If you want further proof of man-bashing turn on a children’s programme or a sitcom at any time of the day. Producers seem so scared of portraying a dumb, dependent mother and a sophisticated bread-winner dad that they have simply switched roles. So now you have overly sensible wives, who lovingly look after mashed husbands who steal the sofa off the kids. The three most popular satirical cartoons at the moment, Family Guy, the Simpsons and Futurama, all have dumb guys who act on instinct and women who get them up in the morning and put up with all their stupidity. Although it’s all in good humour, every 4+ year old boy is essential being brain-washing into knowing that this is an acceptable and almost expected future opinon. Sure son, it’s fine to lock up your emotions, and make sure you get a partner you can bore with incessant football talk. That’s the way it is son.

And whilst I’ve mentioned it, football IS interesting. I love it, how can you not? (whoops). But seriously, the thing that makes man-bashing all the more complicated is that very often it’s also encouraged by its (and my) own gender! In his article, ‘Why men should care about gender stereotypes’
(www.thefword.org.uk), Alex Gibson questions why men don’t object to being labelled by any of the narrow boxes we are often limited to? Or as ‘mentally deficient lumps who require a female carer to function in society’, as he so eloquently puts it. The answer is clear. These days, from a young age, we are only made aware of sexism towards women and even why feminism was essential. Most men respect the female gender because of this, but what aren’t we brought up to know? Boys aren’t told “Have respect for your gender, look out for each other and be exactly who you want.” And girls, “Don’t give boys a hard time just because they’re boys, be nice to them, equality doesn’t equal payback.” No one deems these conversations necessary in this society.

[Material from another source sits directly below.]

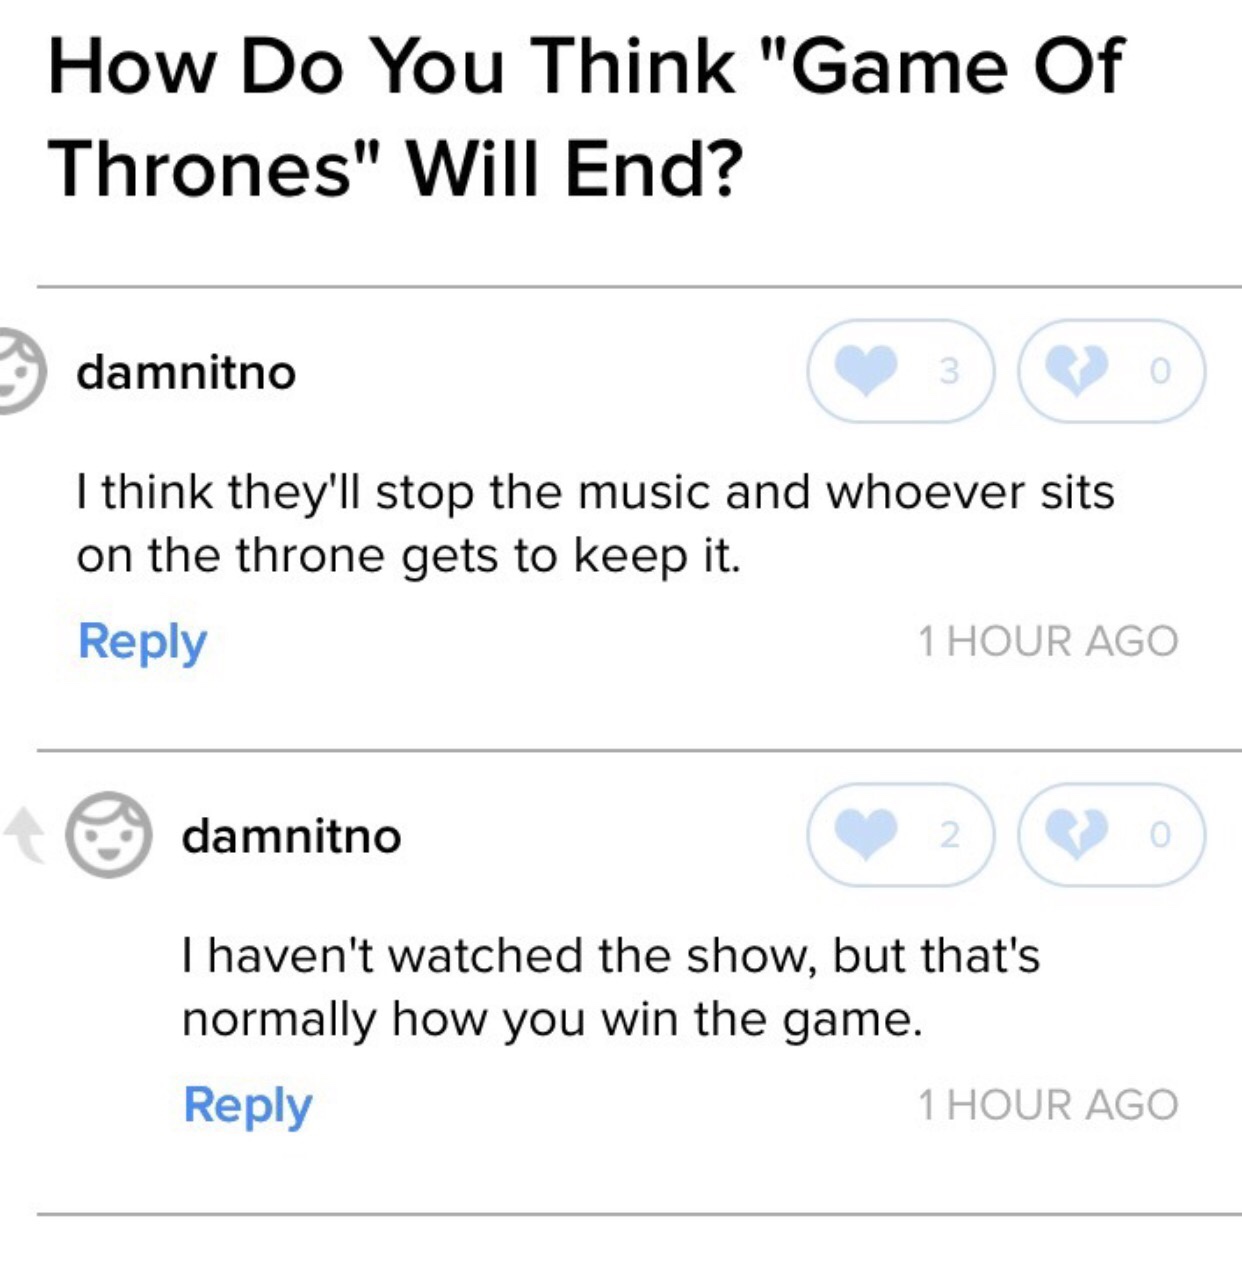 funny meme of number - How Do You Think "Game Of Thrones" Will End? damnitno I think they'll stop the music and whoever sits on the throne gets to keep it. 1 Hour Ago damnitno I haven't watched the show, but that's normally how you win the game. 1 Hour Ag

But I tell you, they are becoming necessary. As Gibson puts it ‘Feminism encourages women to shed gender stereotypes and consider themselves as individuals. Men don’t have anything remotely equivalent’. Well done Gibson, you knocked it right on the noggin.

But what we do have is sense if we choose to use it and that goes for women as well. During my research, I was disappointed to find, a lot of man-bashing is done by so called feminists, and that’s just hypocrisy. There is no denying that in the past women have been badly discriminated against and it still happens every day. So payback is fair is it? Well no it isn’t. Women of past generations fought courageously against oppression and good on them. But what did they fight for? Equality. Not the chance to gain the mindset that held them down in the first place. But on a positive note, true feminists are, like some of us men, outwardly questioning man-bashing enough to start bringing it to society’s attention. One such women is Rebecca Front. In her article ‘No excuse for man-bashing’ (The Guardian, June 2008) she recalls two conversations she’d overheard in which women had verbally smashed their partners into the floor. She states “For me, true feminism is a belief in equality even where there’s very little evidence of it. If I may put it modishly, you can cuss your man because he’s a loser, but don’t diss him just because he’s male ... girlfriend!” Nice one Front. A nice dose of true 21st century feminism is just the antidote.

Along with the likes of Gibson and Front, and as a young man, I hope the Neanderthals responsible for man-bashing, will soon reject these stupid notions and step back into their time machine...to go forward into the 21st century.